Now, Alison’s past is coming back to haunt her, for the body of yet another female student has been found washed up on the banks of the canal. Law enforcement officials questioned Will – who is still in prison for his previous crimes. Will claims to have information about the latest murder, but he refuses to share it with anyone but Alison, and so, Alison reluctantly returns to Dublin and to Will, in hopes of uncovering the truth once and for all.
I was expecting a fast-paced story filled with lots of twists and turns, and, while The Liar’s Girl is pretty twisty, I wouldn’t exactly call it fast-paced. The middle portion drags quite a bit, and I found it hard to remain interested in all the minutiae the author choses to include. We also spend a great deal of time with Alison and her thoughts, which grew tiresome after a while. It’s not that there’s a lack of dialogue exactly, but there are some pretty long stretches taken up with Alison pondering something or other.
I found Alison quite relatable. Her relationship with a convicted serial killer has obviously scarred her, but she experiences quite a bit of growth throughout the story. She doesn’t end up completely healed, but she’s made some great strides in that direction by the end.

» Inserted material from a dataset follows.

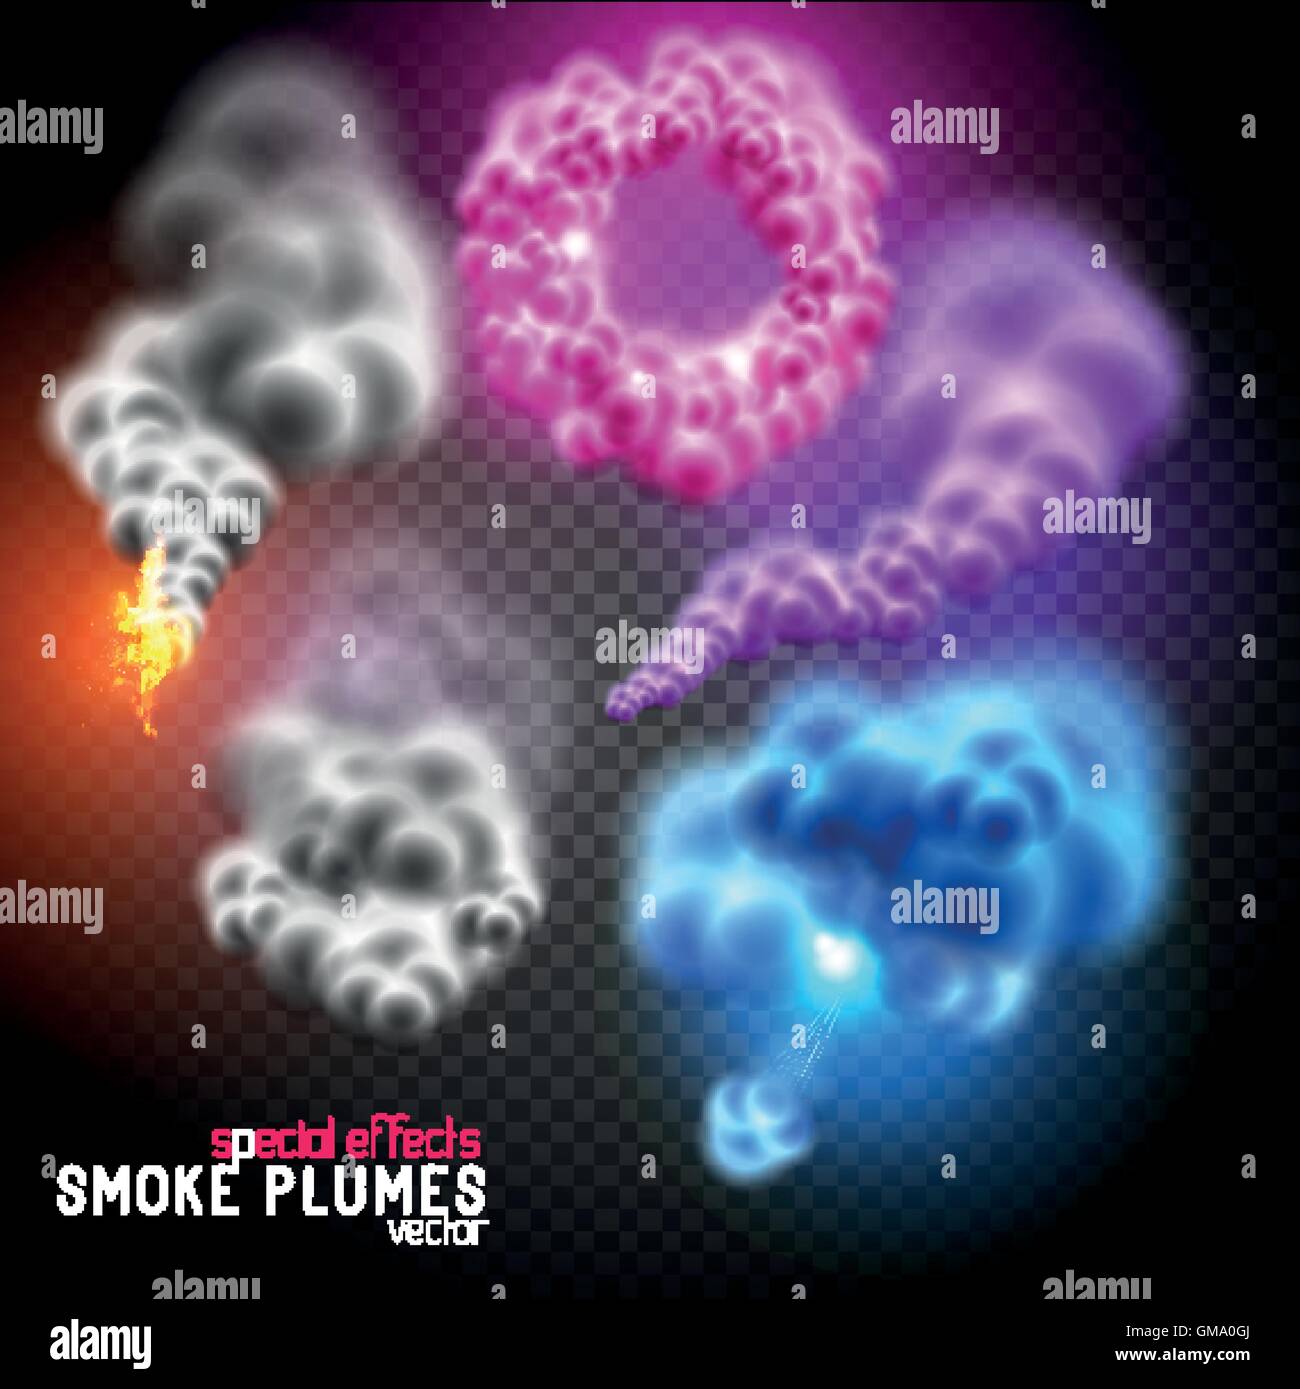 Fantastischen bunten Rauch-Ringe, flauschigen Wolken und Rauchschwaden. Vektor-Illustration. Stock Vektor

Will is a very tricky character in more ways than one. When Alison visits him for the first time, he tells her he didn’t kill anyone after all. He insists he was framed, and he has all these wild conspiracy theories to back up his claims. At first, I dismissed what he was saying, but, as the story progressed, I found myself wondering if he had been set up after all, but I never actually liked him. The author makes that pretty hard to do, but I did end up feeling more sympathy for him than I expected to.
The end of the novel totally blew me away. I thought I had things all figured out, and then this huge twist came, seemingly out of nowhere, and it totally changed my perceptions of previous events. Twists are kind of the hallmarks of these types of books, and I’ve been known to figure them out before the author intended me to, but not so with this one.
The Liar’s Girl is far from my favorite mystery so far this year, but I still consider it worth reading. Its setting is refreshing, and its characters are complex enough to feel like real people. Plus, it has an utterly stellar ending. If I could recommend this book on the strength of that ending alone, I totally would.